I asked Watson to compare OZY’s foray into TV with the “pivots to video” that have been pursued by other publishers. Were they all part of the same trend? He didn’t think so. “It’s one thing to make cat videos, and it’s another thing to make prime time television shows that can compete with Atlanta or Insecure or Peaky Blinders, or any of the other shows we really enjoy,” he said. “You’re taking creative risks, you’re taking financial risks, you’re taking, literally, time risks. The amount of time you have to put into not knowing whether you’re going to make it, that’s an enormous amount of time. And if you’re a young company, you can’t get that time back. You don’t have 50 extra people to just work on something that may or may not work out.”

Watson explained that getting from a pitch meeting to the actual green light for a show is extremely difficult, and many publishers will struggle to convince networks to take such a huge risk. “You’re going to have to convince a sophisticated network that’s producing shows as varied as Frontline and Peaky Blinders that, rather than spend money with the folks who brought you those shows, they should spend money with you, who produces cat videos. That’s hard for people at Mic and Upworthy and Mashable and those kind of places to do.”

Podcasts

OZY’s latest podcast, a scripted show called The Thread, was an outgrowth of the magazine’s text-based reporting. “We have a section on OZY called Flashback,” cofounder Samir Rao told me. “The section is about interesting moments in history that have renewed cultural relevance and it’s based on the notion that sometimes the best way to look ahead is to look back with a different piece of context.”

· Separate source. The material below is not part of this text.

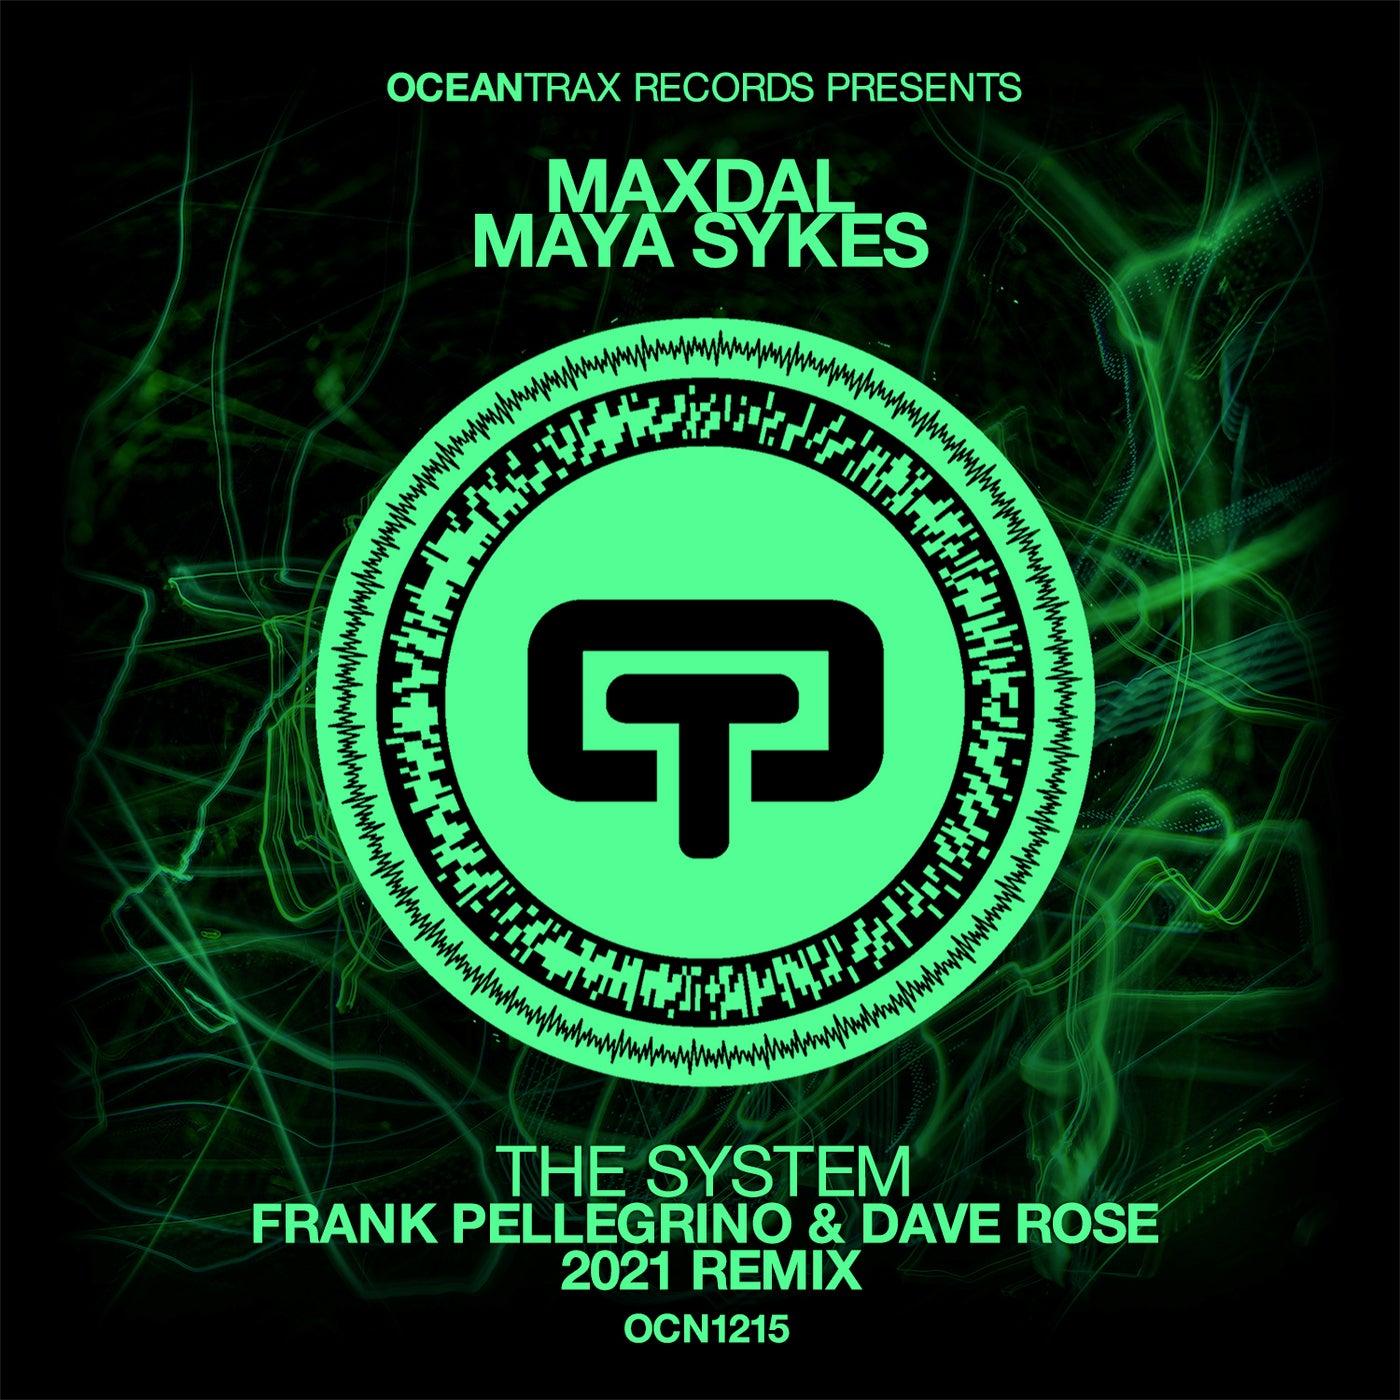 The System (Frank Pellegrino & Dave Rose 2021 Remix)

A writer for The Flashback, Sean Braswell, had noted during his reporting that many seemingly unrelated historical flashpoints were, when you scratched beneath the surface, actually connected. His idea: what if you took two historical events, spanning decades apart, and, through a series of episodes, showed the chain of events that linked them together?

The first season of The Thread, hosted by Braswell and spanning six episodes, does just that. It starts with the 1980 death of Beatles legend John Lennon and, through a circuitous path that leads past J.D. Salinger, Eugene O’Neill, and Charlie Chaplin, brings us to the Russian revolutionary Vladimir Lenin.

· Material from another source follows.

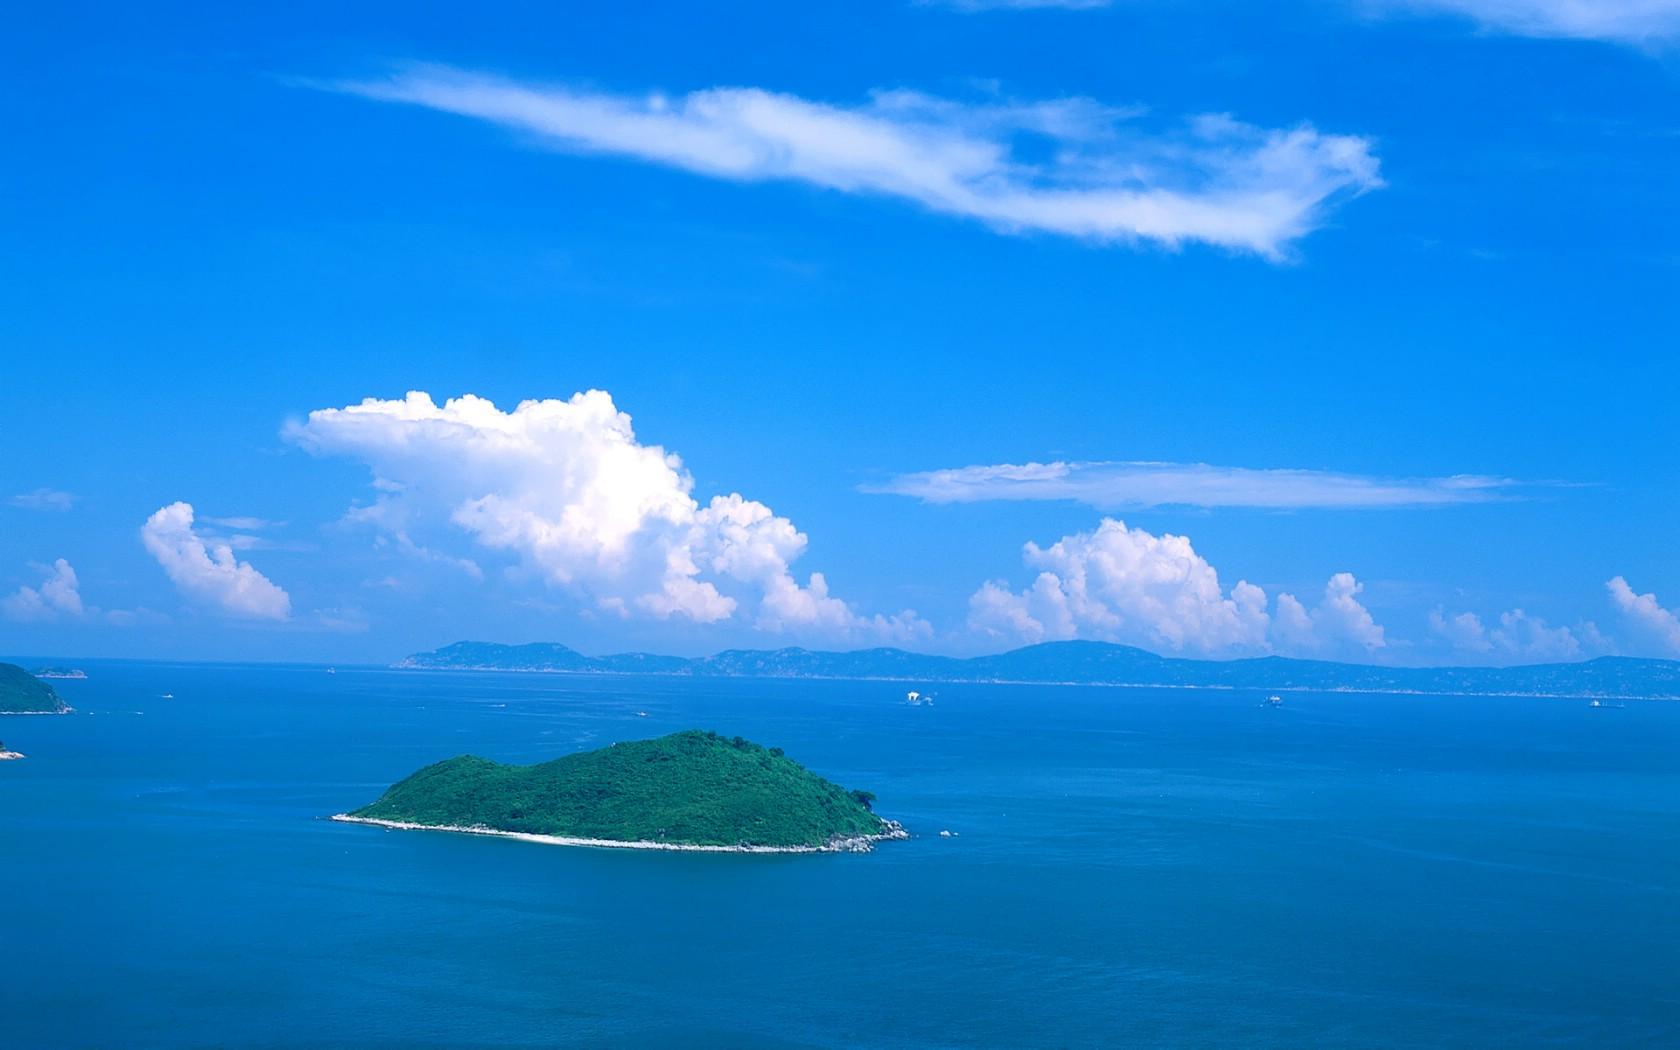 Islands 岛屿 电脑桌面壁纸图片

It’s common for publications to work with podcast networks to produce their shows. The New York Times, for instance, partnered with Pineapple Street Media to put out its Still Processing podcast. But Rao told me that OZY built out The Thread in-house. “We assembled a special ops team inside,” he said. “We probably worked on it for six months prior to its launch — from germination to the iTunes store, on its way to a top 10 podcast listen.”

The Thread has already debuted a second season, and Rao said this isn’t a one-off project. “I think by this time next year we’ll have four or five podcast projects and not all of them will be narrative,” he said. “The question for me is how many and what variety, not if.”

Of course, the larger question is how all these various platform plays impact OZY’s overall business. Rao told me that having a presence in multiple mediums and platforms gives advertisers multiple options for how they can engage with the magazine. “The same people looking to advertise with us on digital are looking to advertise with us in festivals, and TV, and podcasts, and email.”

Watson explained that each platform can serve as an entry point for a brand. “Someone may decide to start with you by working with you on a festival, but may decide over time that, oh, I also want to be able to do stuff in the audio space. Big sophisticated brands often want to be very versatile in their expressions.”

Versatile is certainly one word that can be used to describe OZY. With its 25 million monthly visitors, 1.5 million podcast downloads, 2 million email subscribers, and multiple primetime television shows, it’s certainly not lacking in ways of reaching consumers.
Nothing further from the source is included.